Multifaceted Role of Sialylation in Prion Diseases

Abstract

Mammalian prion or PrP(Sc) is a proteinaceous infectious agent that consists of a misfolded, self-replicating state of a sialoglycoprotein called the prion protein, or PrP(C). Sialylation of the prion protein N-linked glycans was discovered more than 30 years ago, yet the role of sialylation in prion pathogenesis remains poorly understood. Recent years have witnessed extraordinary growth in interest in sialylation and established a critical role for sialic acids in host invasion and host-pathogen interactions. This review article summarizes current knowledge on the role of sialylation of the prion protein in prion diseases. First, we discuss the correlation between sialylation of PrP(Sc) glycans and prion infectivity and describe the factors that control sialylation of PrP(Sc). Second, we explain how glycan sialylation contributes to the prion replication barrier, defines strain-specific glycoform ratios, and imposes constraints for PrP(Sc) structure. Third, several topics, including a possible role for sialylation in animal-to-human prion transmission, prion lymphotropism, toxicity, strain interference, and normal function of PrP(C), are critically reviewed. Finally, a metabolic hypothesis on the role of sialylation in the etiology of sporadic prion diseases is proposed.

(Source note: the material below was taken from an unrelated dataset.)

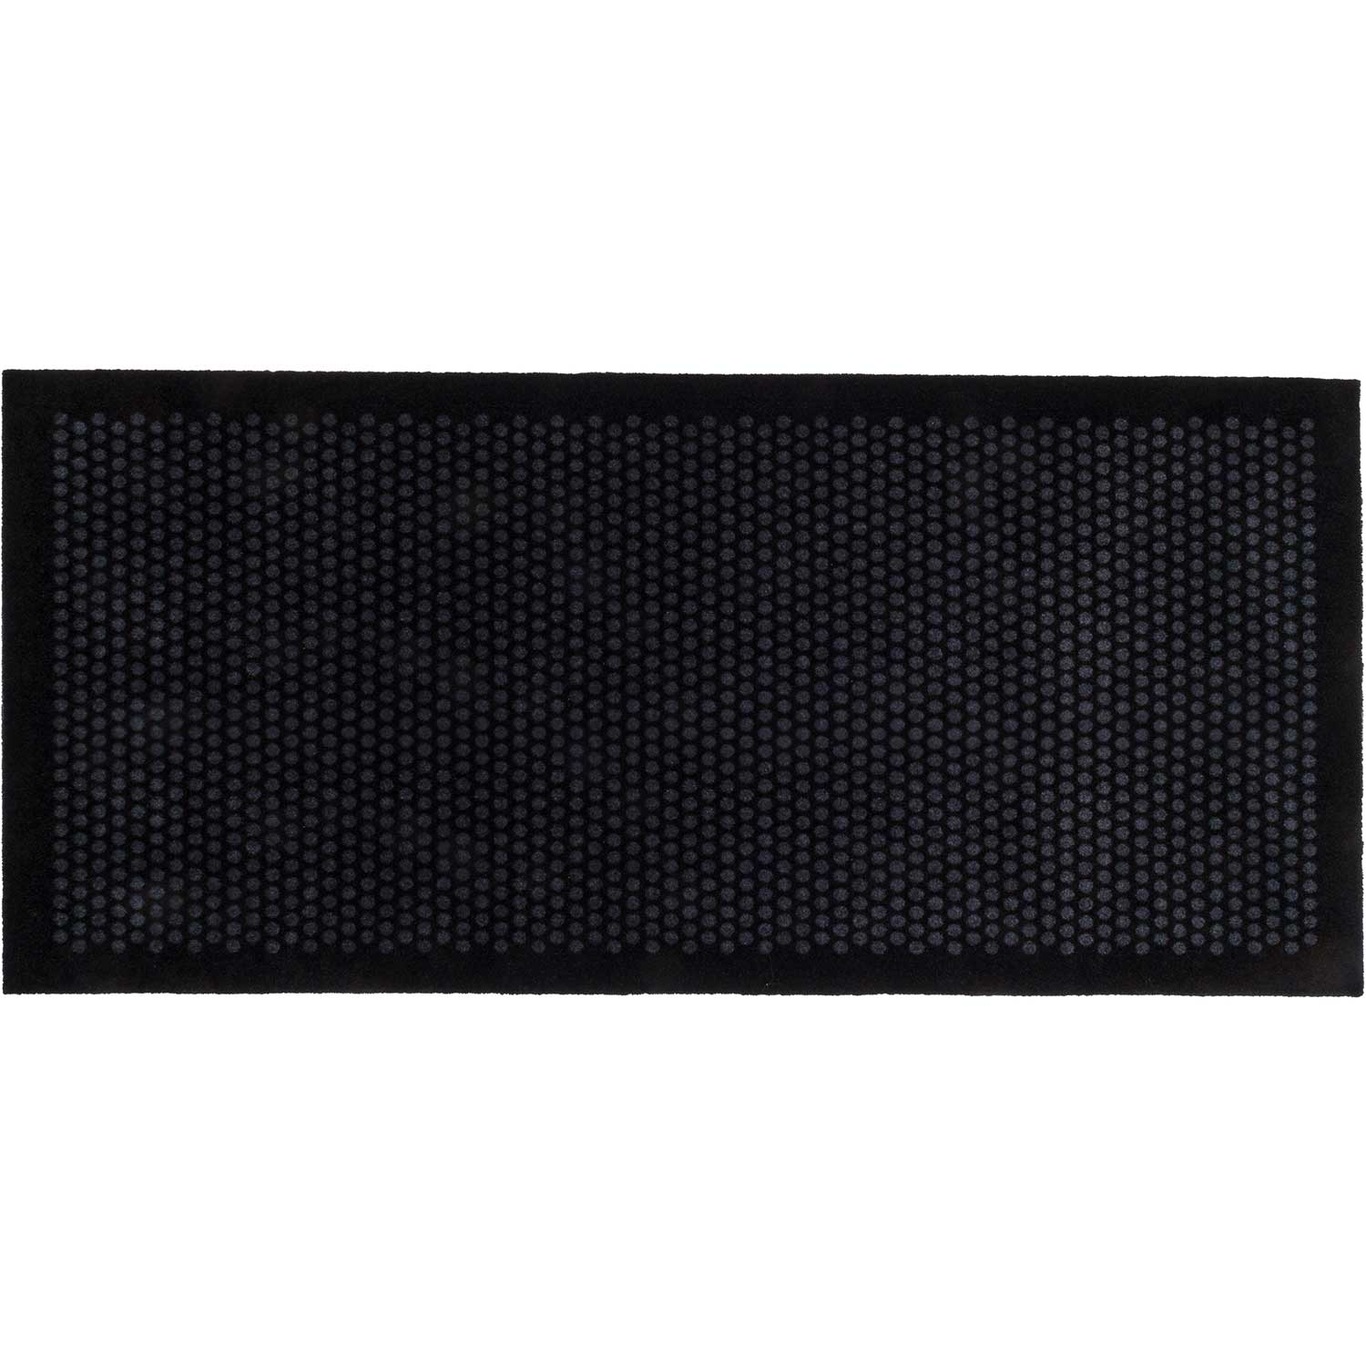 Dot Doormat 90x200cm, Black/Grey

Keywords: amyloid; neuraminidase; prion disease; prions; sialic acid; sialylation; sialyltransferase; species barrier.

Figure 1

Structural diversity of Sias. Structures of two most common types of Sias, Neu5Ac, and Neu5Gc (A), and a diagram illustrating the differences in Sias synthesized in humans vs. non-human mammals (B). Structural diversity of Sias epitopes are achieved via naturally occurring modifications of Sias at 1-, 4-, 5-, 7-, 8-, or 9-carbon positions (C) and/or variations due to sulfation of galactose and N-acetylglucosamine that produce several Lewis glycoepitope families (D). Panel (D) shows only a small subset of possible sulfated variants.

Figure 2

Analysis of sialylation status of brain-, PMCAb-, and dsPMCAb-derived PrP^Sc for 263K strain using 2D western blots. Incubation time to disease and number of animals that developed clinical disease out of total number of animals is shown on the right. The data represented here is a modification of the figure from previously published manuscript (Katorcha et al., 2014).

Figure 3

A diagram illustrating mechanisms that control sialylation of PrP^Sc. (A) The sialylation status of PrP^C is controlled by STs in the trans-Golgi. (B) NEUs do not appear to affect the steady-state sialylation level of PrP^C, presumably because desialylated PrP^C is degraded rapidly. (C) Sialoglycoforms of PrP^C are recruitment into PrP^Sc selectively according to their sialylation status and in a strain-specific manner. (D) In SLOs, PrP^Sc is a subject of post-conversion sialylation by STs. Sias are shown as red diamonds.

Figure 4

Schematic diagram illustrating that PrP^Sc strains recruit PrP^C isoforms selectively according to PrP^C sialylation status. While strain #1 recruits sialoglycoforms of PrP^C without noticeable preferences, hypersialylated PrP^C are preferentially excluded from the strain the #2 and even more so from strain #3. As a result of strain-specific exclusion of highly sialylated PrP^C (illustrated by the 2D Western blots), the ratios of di- vs. mono-glycoforms within PrP^Sc changes in a strain-specific manner, as shown by 1D Western blots (right hand side). PrP^C molecules are shown as blue circles and sialic acid residues—as red diamonds.

Figure 5

N-linked glycans impose spatial constraints on folding patterns of PrP^Sc. Cross beta-sheet structures carrying tri-antennary N-glycans (shown in inset) on each neighboring beta-strand (A), or every second (B), third (C), or fourth (D) beta-strand. Polypeptide chains are represented in the tube form, whereas N-glycans are represented in the ball-and-stick form. Each PrP molecule with corresponding N-glycan is of a different color. Sialic acid residues are colored in red; N-glycan electrostatic surfaces are semi-transparent. To model the dimension of cross-beta structures, the parallel beta-sheet model was adapted from PDB database entry 2RNM, an NMR structure for HET-s(218–289) prion in its amyloid form (Wasmer et al., 2008). Stretches of seven amino acid residues are shows for each beta strand without any change to the atomic coordinates. The structure of a tri-antennary N-linked glycan was taken from PDB entry 3QUM, a crystal structure of human prostate specific antigen (PSA) (Stura et al., 2011). Both calculations of electrostatic surfaces and generation of images were performed with CCP4MG software.